At custom-houses the multitude file tediously through,
hot and irritated, and look on while the officers
burrow into the trunks and make a mess of everything;
but you hand your keys to the courier and sit still.
Perhaps you arrive at your destination in a rain-storm
at ten at night--you generally do. The multitude
spend half an hour verifying their baggage and getting
it transferred to the omnibuses; but the courier puts
you into a vehicle without a moment's loss of time,
and when you reach your hotel you find your rooms have been
secured two or three days in advance, everything is ready,
you can go at once to bed. Some of those other people will
have to drift around to two or three hotels, in the rain,
before they find accommodations.

I have not set down half of the virtues that are
vested in a good courier, but I think I have set down
a sufficiency of them to show that an irritable man
who can afford one and does not employ him is not a
wise economist. My courier was the worst one in Europe,
yet he was a good deal better than none at all.
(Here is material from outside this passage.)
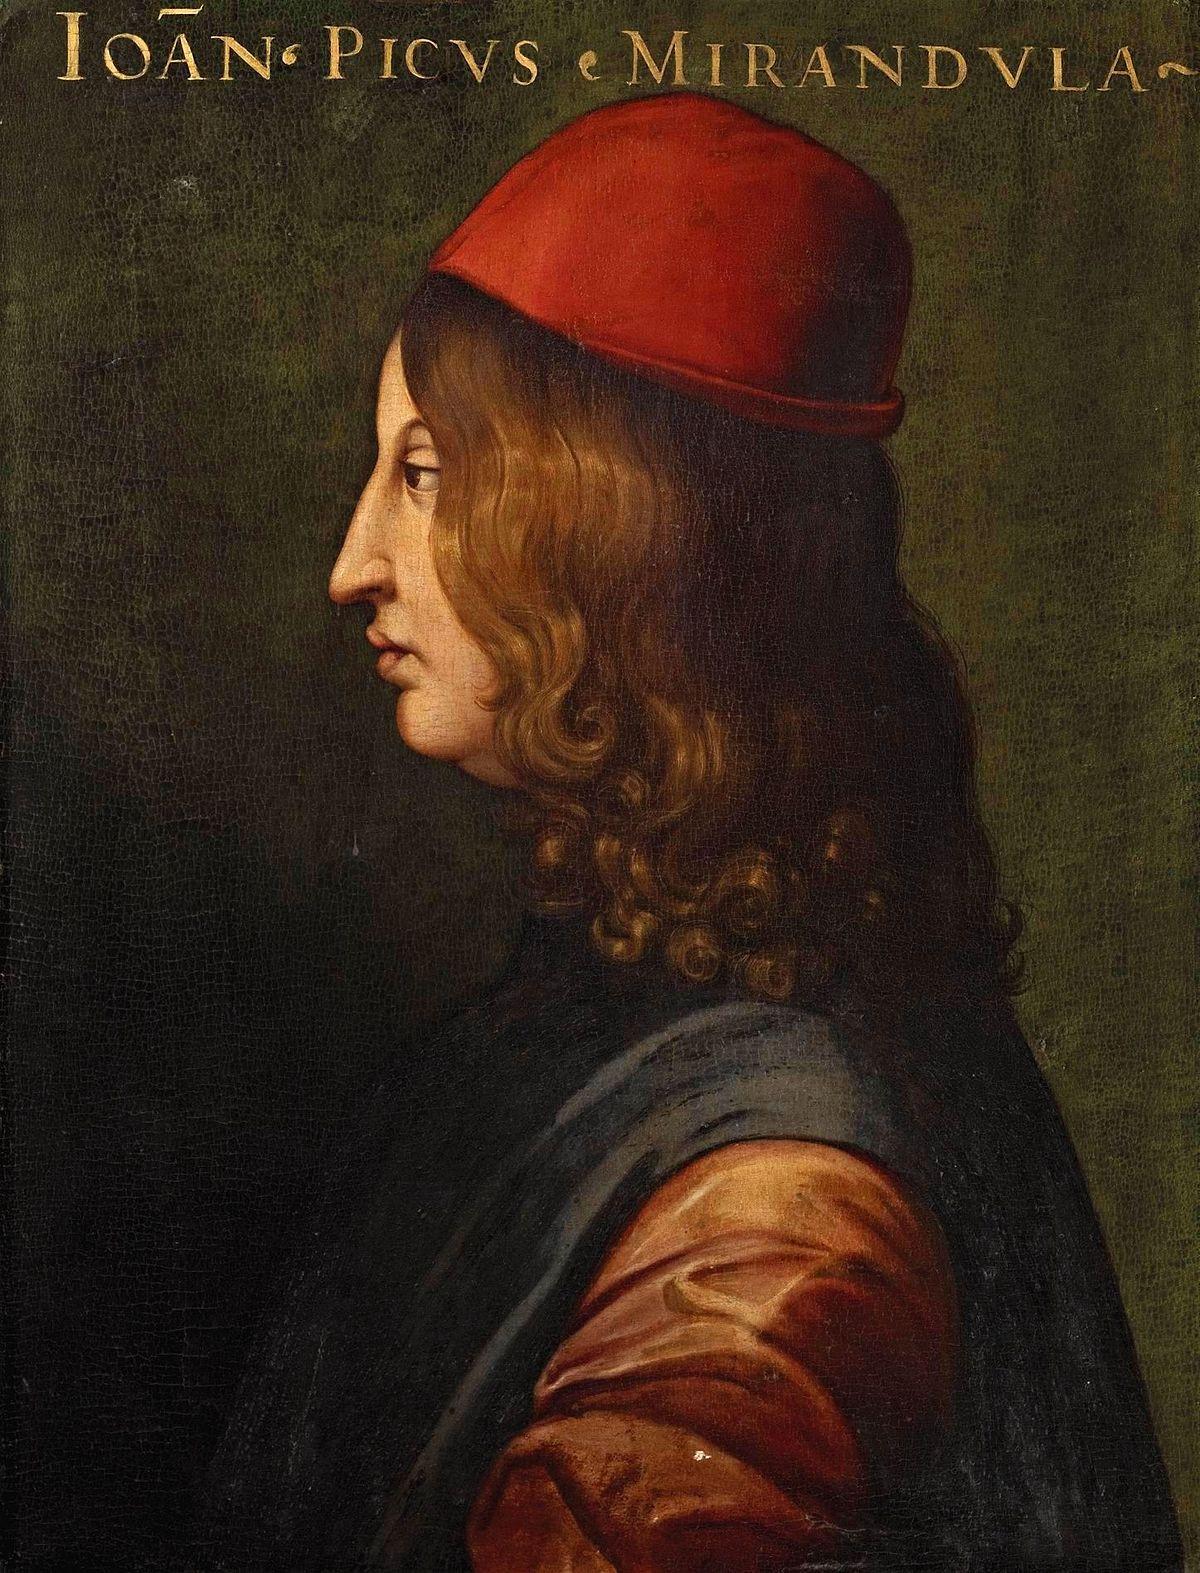 Alexander Kalifano Vase Of Giovanni Pico Della Mirandola Wikipedia within 1200px Pico1
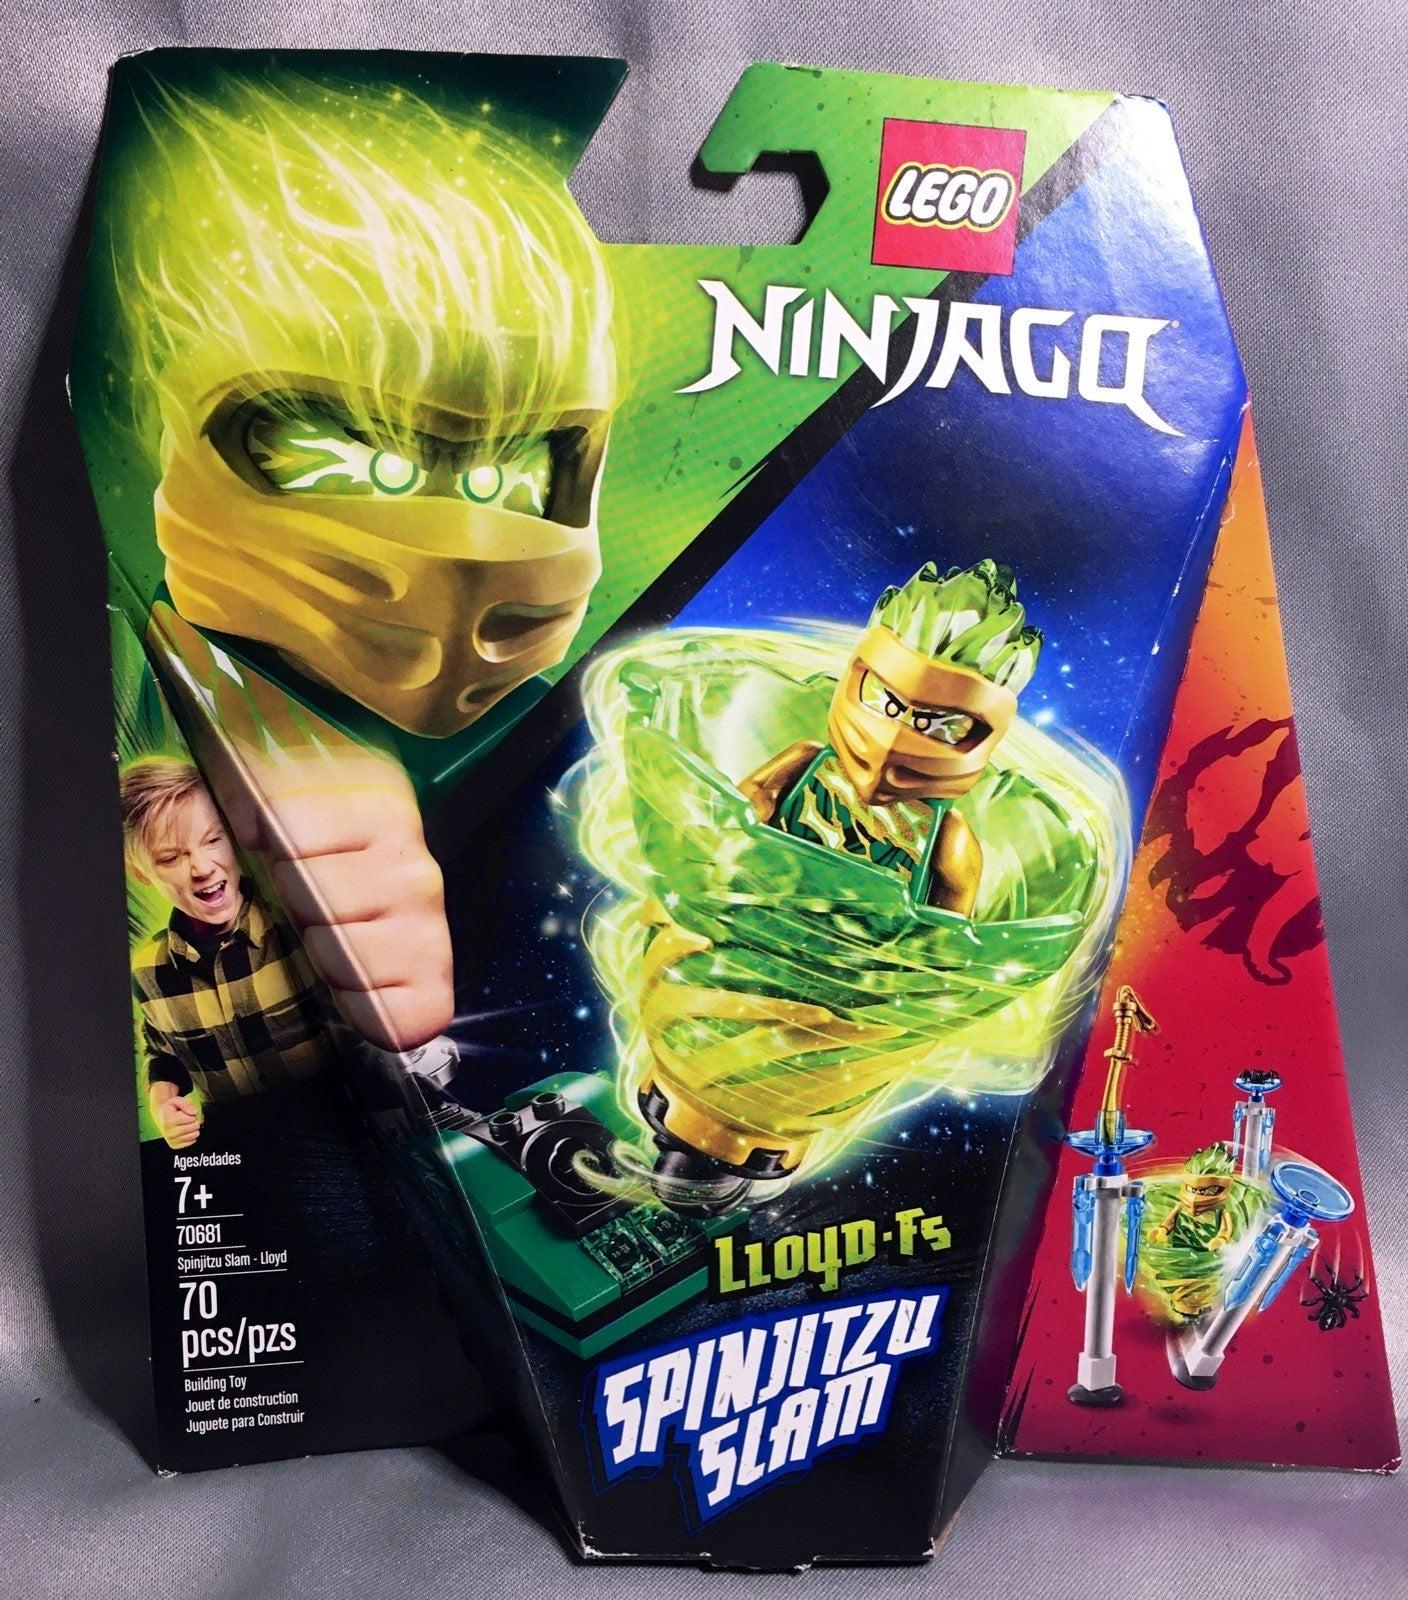 LEGO NINJAGO:  Spinjitzu Slam - Lloyd

It could not pay him to be a better one than he was,
because I could not afford to buy things through him.
He was a good enough courier for the small amount he
got out of his service. Yes, to travel with a courier
is bliss, to travel without one is the reverse.

I have had dealings with some very bad couriers; but I have also
had dealings with one who might fairly be called perfection.
He was a young Polander, named Joseph N. Verey. He spoke
eight languages, and seemed to be equally at home in all
of them; he was shrewd, prompt, posted, and punctual;
he was fertile in resources, and singularly gifted in
the matter of overcoming difficulties; he not only knew
how to do everything in his line, but he knew the best ways
and the quickest; he was handy with children and invalids;
all his employer needed to do was to take life easy
and leave everything to the courier. His address is,
care of Messrs. Gay & Son, Strand, London; he was formerly
a conductor of Gay's tourist parties. Excellent couriers
are somewhat rare; if the reader is about to travel,
he will find it to his advantage to make a note of this one.